**Task item**
Wherever the listing holds a picture, leave it out, and copy the remainder exactly.

**Data extract**
>>>

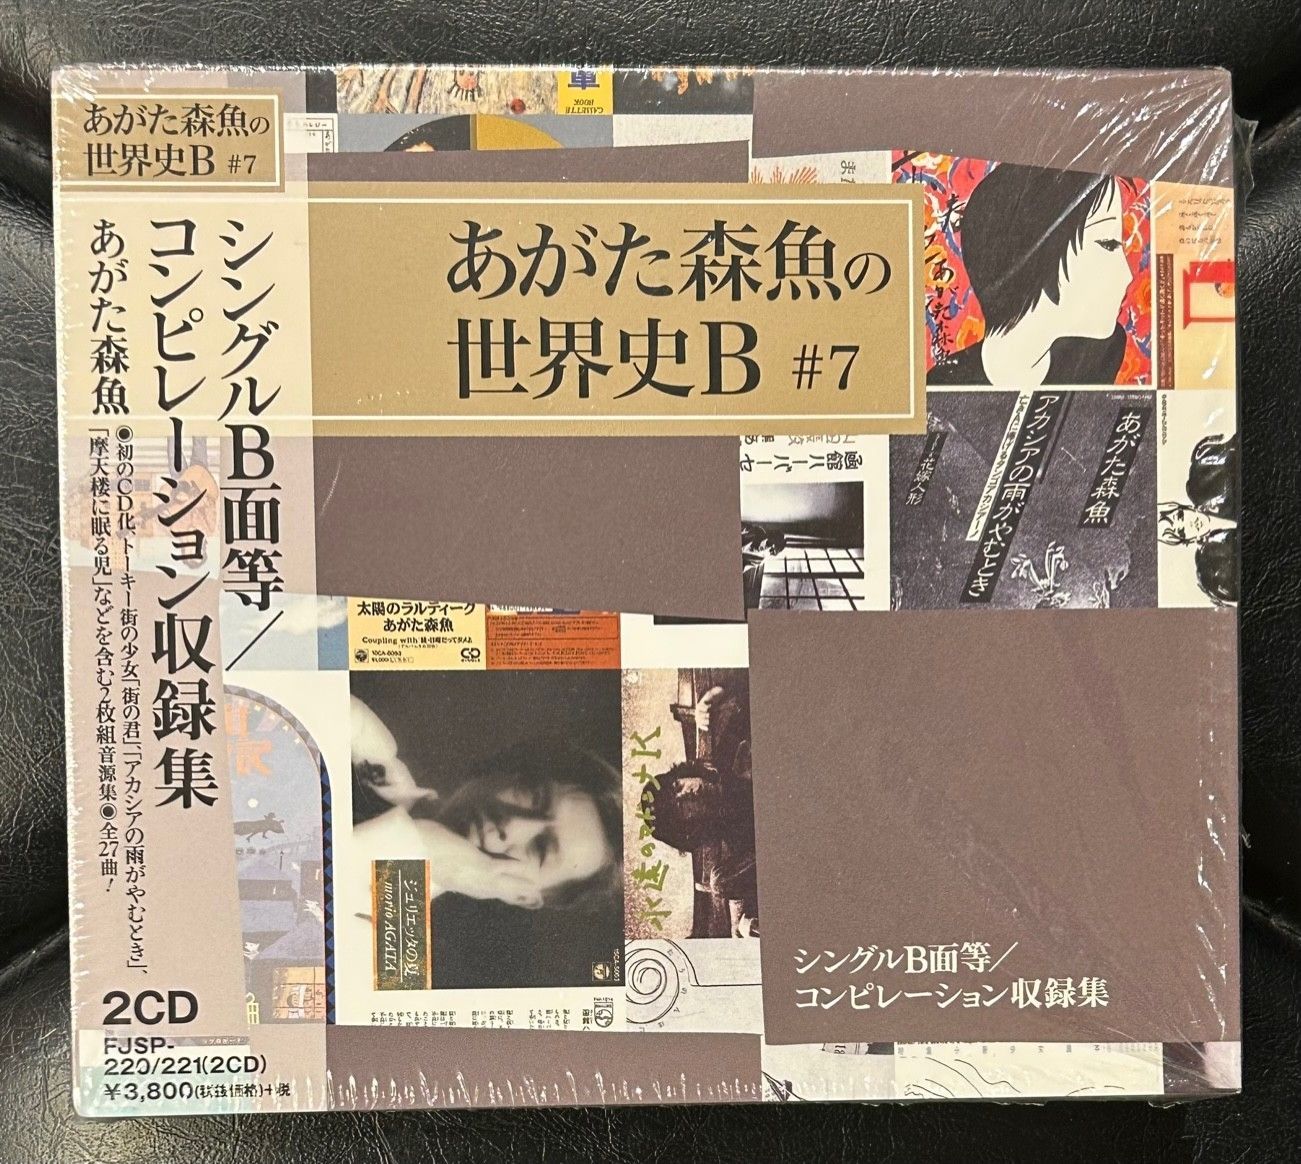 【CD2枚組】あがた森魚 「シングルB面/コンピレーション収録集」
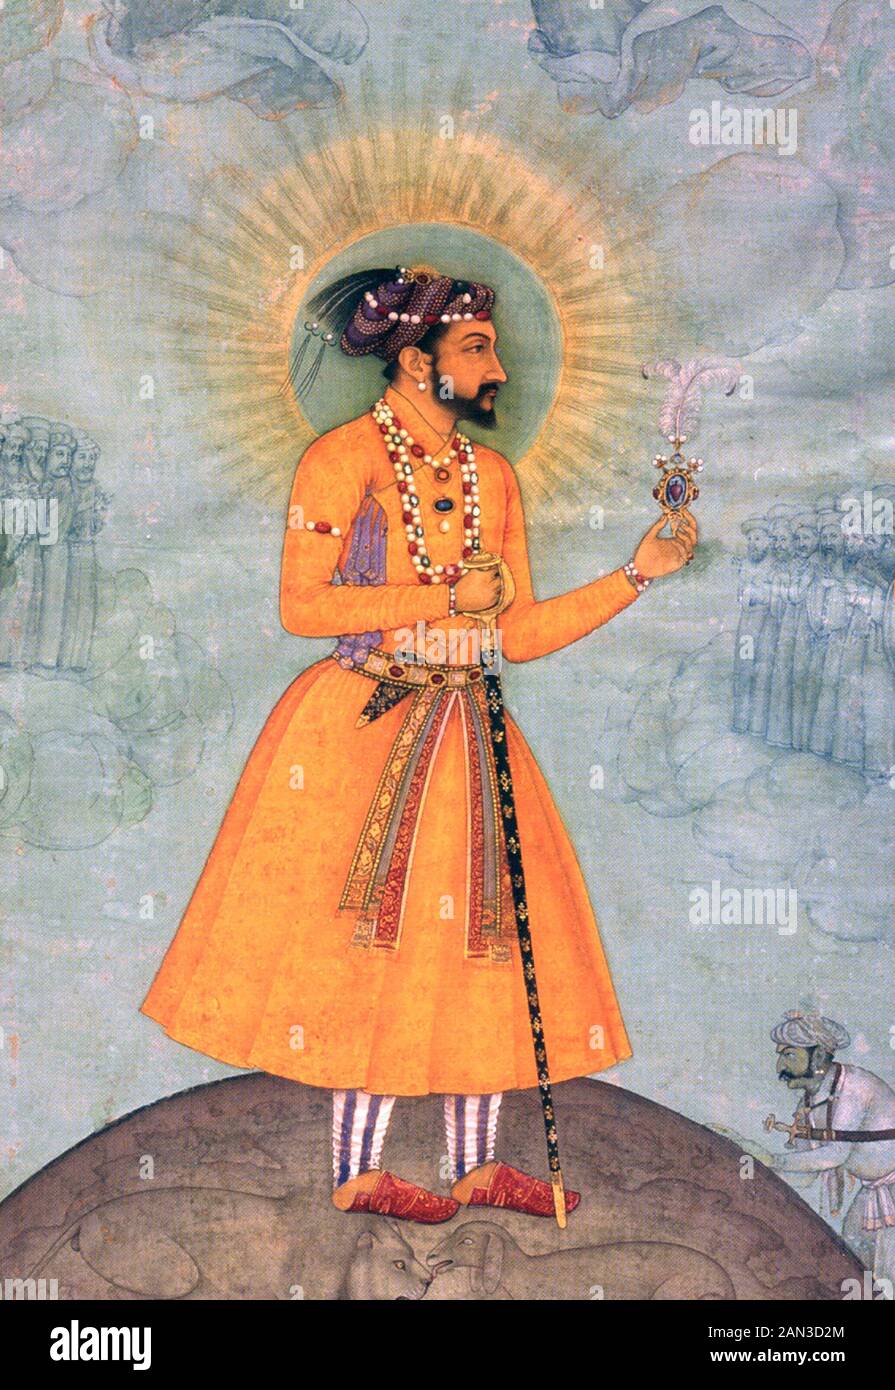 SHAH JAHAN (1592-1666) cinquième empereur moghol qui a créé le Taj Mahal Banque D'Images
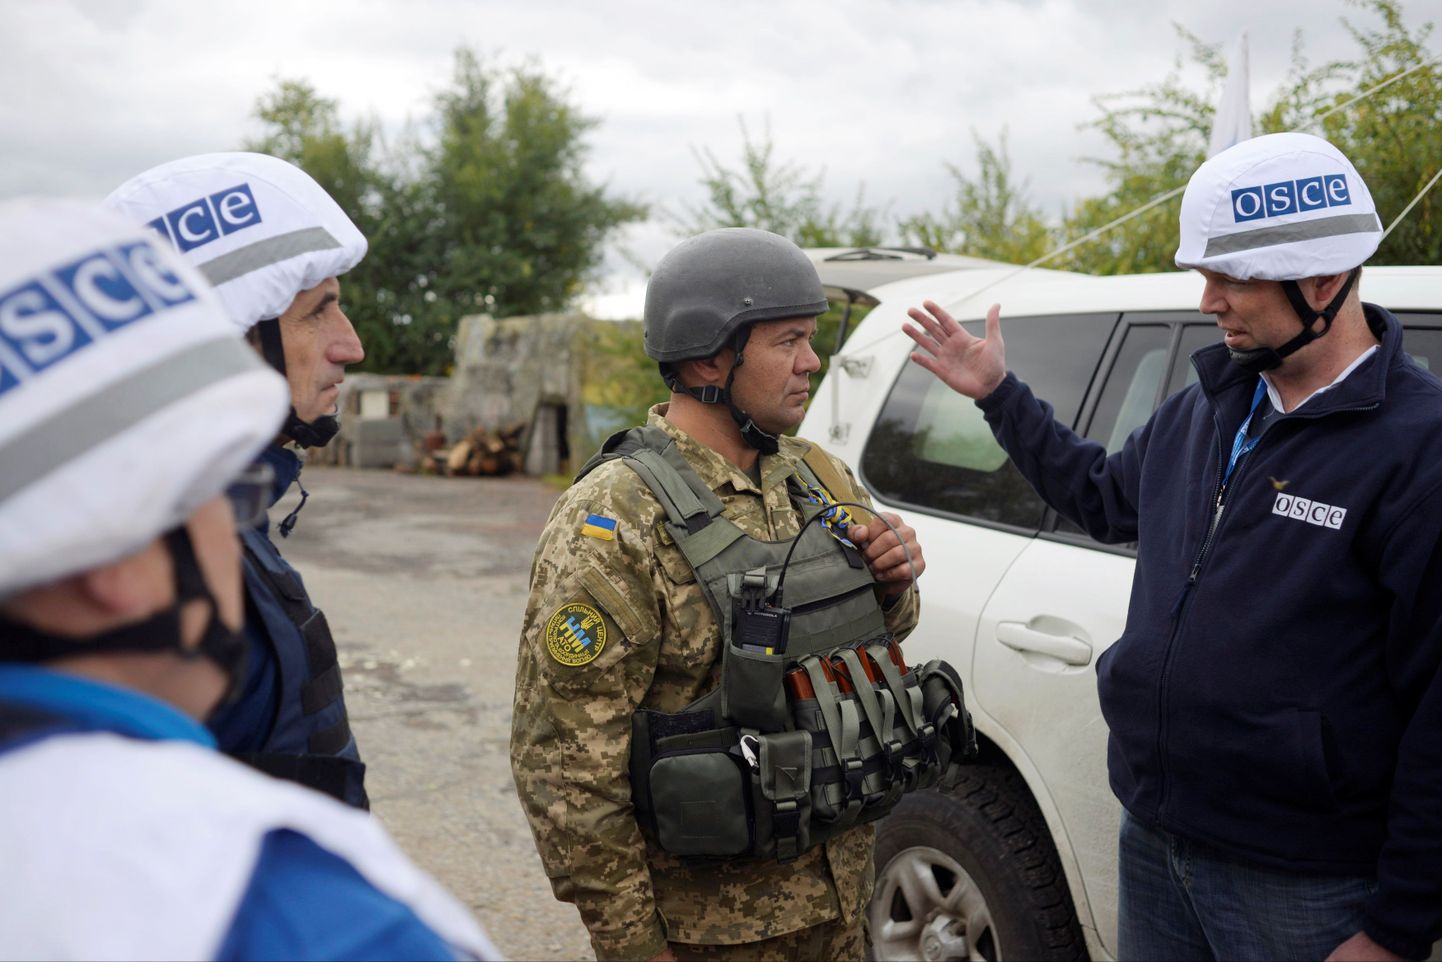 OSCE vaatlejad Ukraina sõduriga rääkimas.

<<<

**Result of this exercise**
 【CD2枚組】あがた森魚 「シングルB面/コンピレーション収録集」
 SHAH JAHAN (1592-1666) cinquième empereur moghol qui a créé le Taj Mahal Banque D'Images
 OSCE vaatlejad Ukraina sõduriga rääkimas.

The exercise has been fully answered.